Snails are gastropods with a helix shaped shell, in which the whole of the its body is contained. These molluscs dwell in every kind of environment: from the enormous depts of the ocean, to the vastly spanning arboreal environments. All of the edible snails are pulmonates and almost all of them belong to the helicidae family.
The inner anatomy of the snail is comprised of a primitive lung, a small brain (known as a cerebral ganglium) that is divided into four sections, a single kidney and a heart. Snail mouth contains a radula, which is a chitin structure made out of thousands of small teeth and is used to scrape off food from various surfaces. During the quiet hours in the snail farm, one could hear how myriads of snails eat their feed.
The snails move forward by rapidly contracting and expanding the muscle of their foot to make waves of movement. They also excrete mucus, which protects the snail from drying and helps the foot to slide along whatever surface it encounters. Snails have one or two pairs of tentacles that contain eyes and olfactory organs at their ends, which are responsible for their perception of the environment. The snail shell is made out of calcium carbonate, like that of most of the molluscs. Snails receive their calcium from their diet and excrete it to produce their shells, since, as the snails grow, so does the shell.
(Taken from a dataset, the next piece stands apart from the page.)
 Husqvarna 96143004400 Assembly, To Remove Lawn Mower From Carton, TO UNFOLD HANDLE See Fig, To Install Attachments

If the diet lacks calcium a shell that is too soft and does not serve the protective purposes results. On the other hand, too much calcium gives an extra thick shell that inhibits the growth of the soft parts. That is why it is important to maintain calcium balance when feeding snails. To consider other factors that influence snail growth besides feed, it is useful to know that population density, moisture and light are also relevant to consider during various stages of snail growth. Helix aspersa are the most active during the night, when the temperature drops and moisture precipitates. One should keep in mind that during hot and sunny periods snails need to be sprayed with water if the shade is not sufficient.
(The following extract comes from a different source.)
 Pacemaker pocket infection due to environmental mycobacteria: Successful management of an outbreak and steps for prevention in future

The most popular species amongst the farmers is Helix aspersa (commonly known as the garden snail), especially maxima or muller varieties. These snails can reach a full length of 8 cm, can have a 3 – 4,5cm diameter shell and a mass of 15-35g. Farmed snails are usually larger than the ones dwelling in the natural conditions. Most of the helicidae snails are hermaphrodytes. During the breeding season each Helix aspersa individual can produce up to 200 eggs that are laid into the soil at a depth of 5 to 10 centimeters and are burried. After 2-4 weeks the younglings hatch with a shell already present. Helix aspersa snails naturally live between 2 to 5 years, but a single cycle of reproductions only takes one year, making it very suitable for commercial purposes. These snails reach full size after 6 to 8 months – from the beginning of spring, until the mid-autumn.
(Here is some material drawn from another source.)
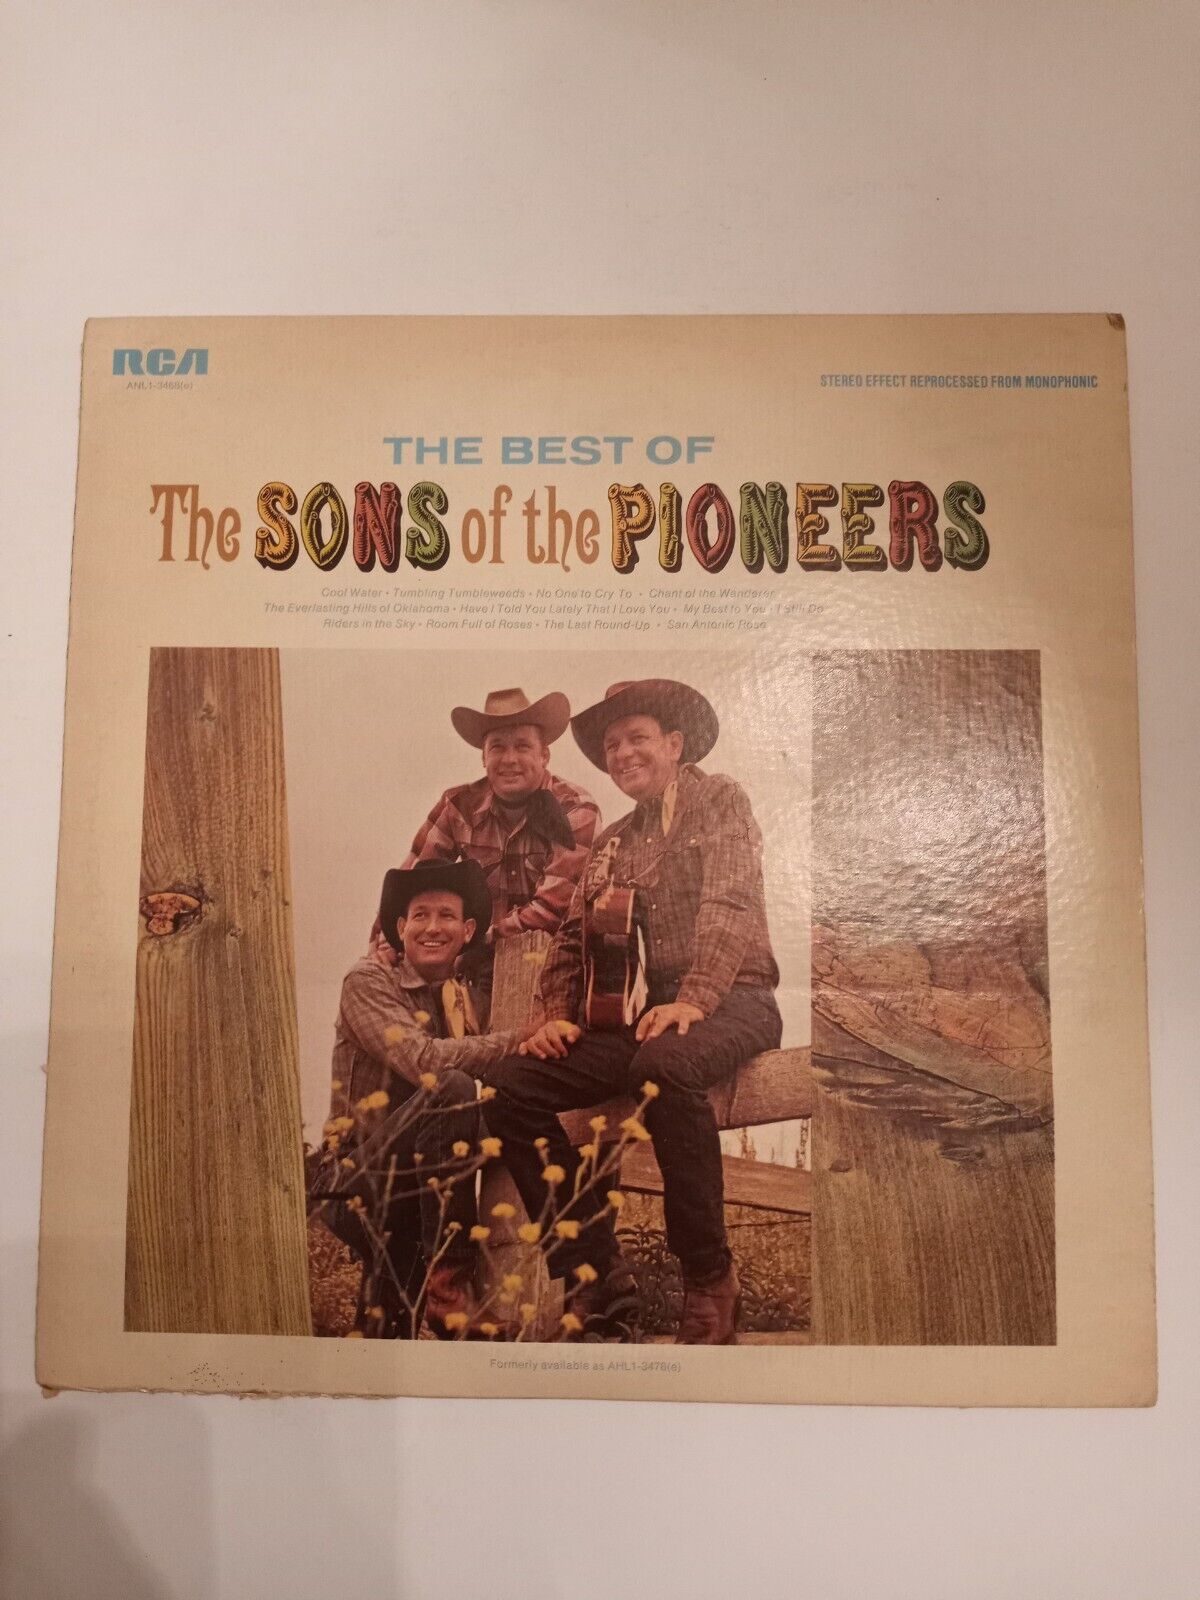 THE BEST OF THE SONS OF THE PIONEERS VINTAGE 1966  RCA Vinyl LP ANL1-3468e VG+

Helix aspersa species are naturally widespread in most of the Europe and originate from along the coasts of the Mediterranean Sea. These snails have been introduced to the British Isles by Roman settlers and in 19th century have colonised the shores of N.America, Africa, Australia and New Zealand and are considered invasive species in some places. It is a very adaptive species capable of thriving in various climatic conditions that is why growing it is least risky.
Helix aspersa snails are known in most of Europe and are considered a culinary delicacy. In France these snails are known as “Escargots”, “Petit gris”, “Escargit chagrine” or “La zigrinata”. Snail produce are also very popular in Spain, Italy, Germany, USA and are reaching their way to other countries.